Bitcoin is reacted as expected The conflict between the United States and Iran continues a pattern that has always been present during previous geopolitical escalations. Cryptocurrency prices are digesting the latest developments and analysts are comparing the current price structure to similar moments in 2022 and 2023 when Bitcoin first sold off before embarking on a strong recovery.
War headlines and 20-40% rally pattern
Recent geopolitical tensions We are already facing a vulnerable time. For the cryptocurrency market. Bitcoin is already down 48% from its all-time high and is set to close its fifth consecutive red monthly candle. The major cryptocurrency has also had its worst start to the first two months, falling 24% since January. February ended 14.8% below its opening price, making it the third worst February in Bitcoin history. The only weak February was in 2025, when Bitcoin closed 17.5% below the open, and in 2014, when the monthly close was 33% below the open.
Cryptocurrency analyst Ted Pillows Weekly chart shared Describes how Bitcoin has behaved during previous diplomatic escalations. When Russia attacked Ukraine in February 2022, Bitcoin fell and then rose about 40% in the months following. After Israel attacked Iran in June 2025, Bitcoin was initially sold off again, but later recovered about 25%.
Now, following the US attack on Iran on Saturday, Bitcoin has once again reacted downwards. The question Pillows raises is whether the same post-shock recovery pattern will reemerge.

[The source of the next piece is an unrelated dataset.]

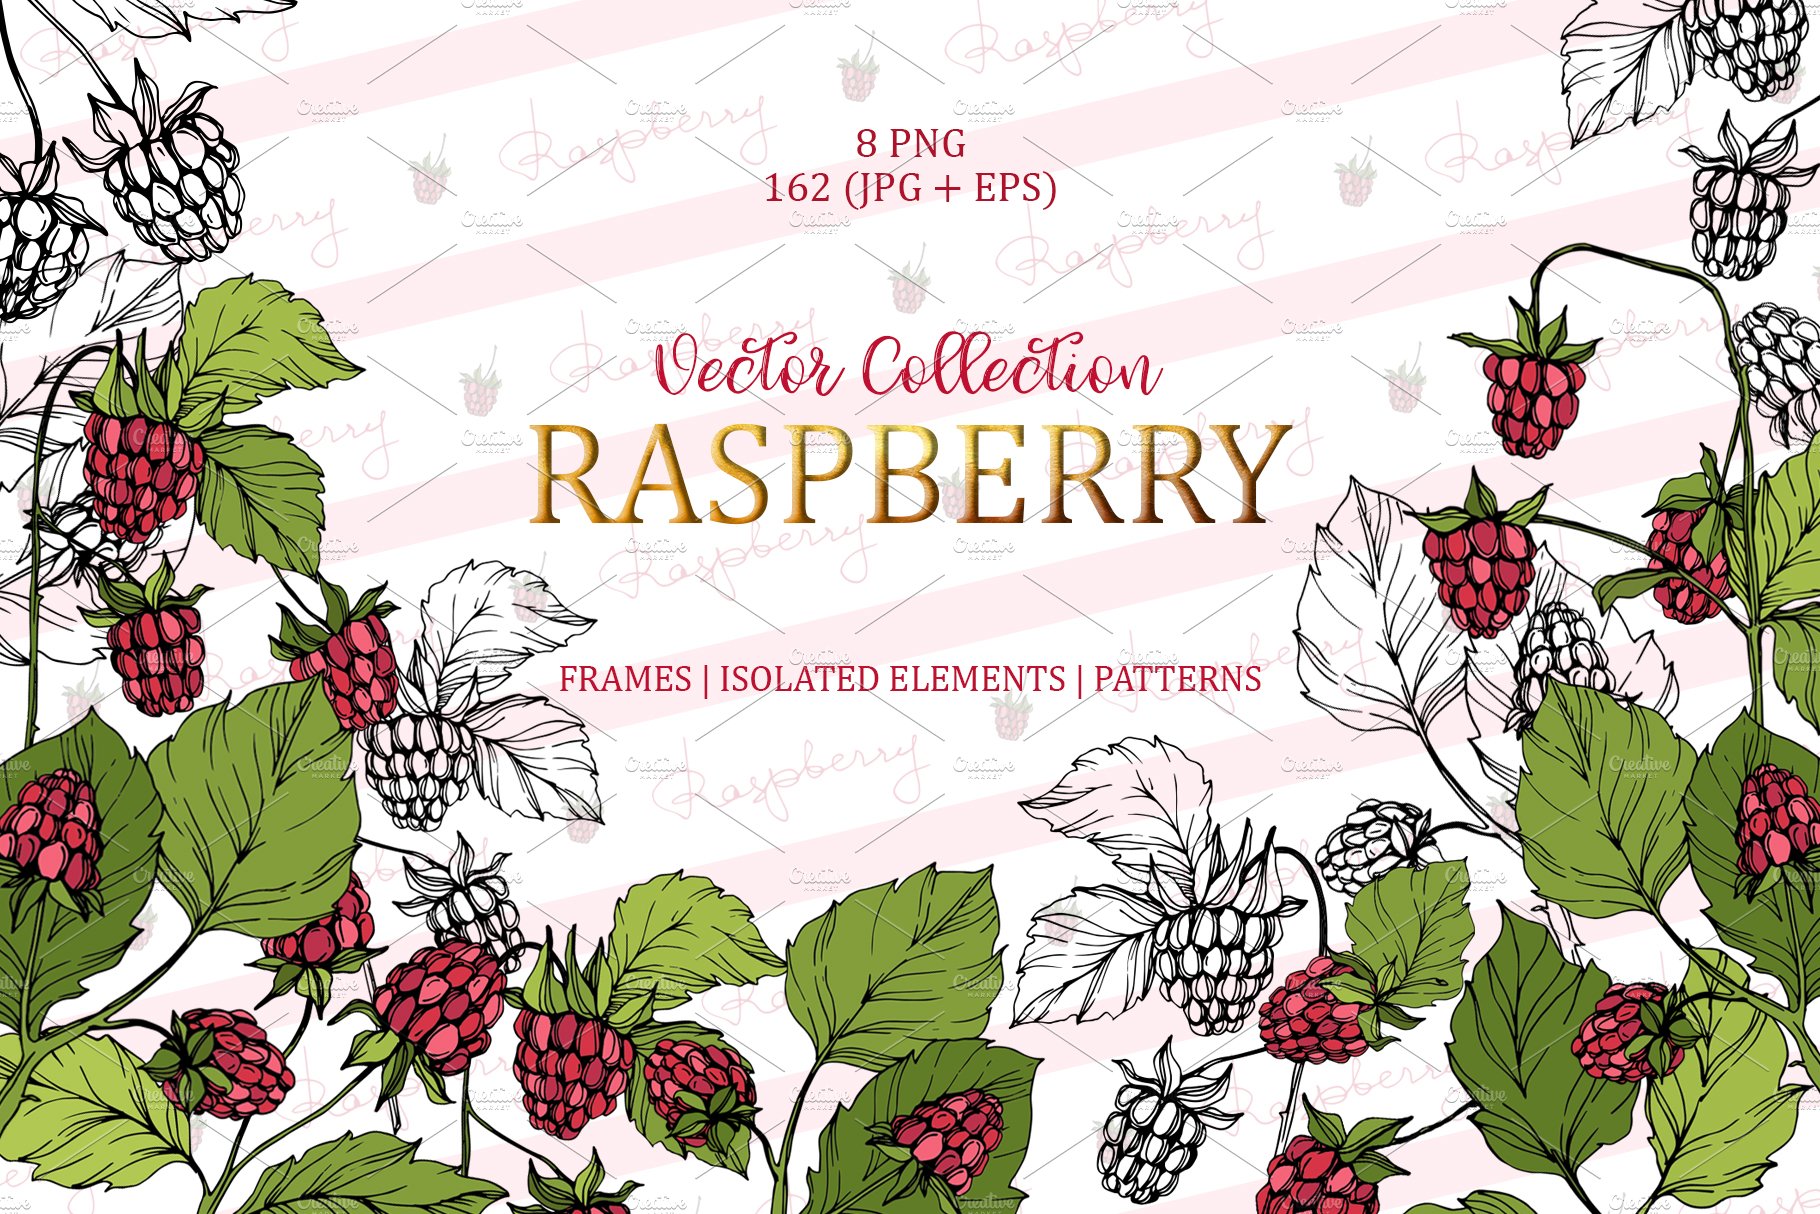 Raspberry Vector Collection cover image.

Bitcoin price chart. Source: @TedPillows On
Another analyst, Sherlock, Focus on short-term responses. He pointed out that in the past when the United States or Israel attacked Iran, Bitcoin typically plummeted over the weekend and recovered within 24 to 48 hours.
After Iran attacked Israel in April 2024, Bitcoin fell 8% overnight and recovered within two days. In October 2024, a 3% decline was erased within 24 hours.
A 6% drop in June 2025 due to the US strike was recovered by Sunday, before rising 62% over the next two months to a record high in October. Interestingly, the initial decline in each case occurred before traditional financial markets reopened.
The market has already corrected significantly
It is important to note that the current setup is different from previous episodes, as Bitcoin has already seen a strong rally during the geopolitical shocks of 2025. Today’s market structure looks very different. Bitcoin has been in a downward trend for a long time. For 5 months.
Bitcoin’s weekly RSI is currently It is the lowest level in history. Fear and greed indices were also released. Extreme fear for 22 consecutive days. Additionally, leveraged positions have decreased significantly. Public concern about low readings.
In previous cases, panic selling followed geopolitical events themselves. However, this time most of the forced sales and deleveraging appear to have occurred before the strike. Following these warnings, most weak hands have been kicked out and excessive leverage has already been eliminated. Therefore, Bitcoin may not be able to sustain its long-term downtrend due to tensions and may stabilize sooner than in previous episodes.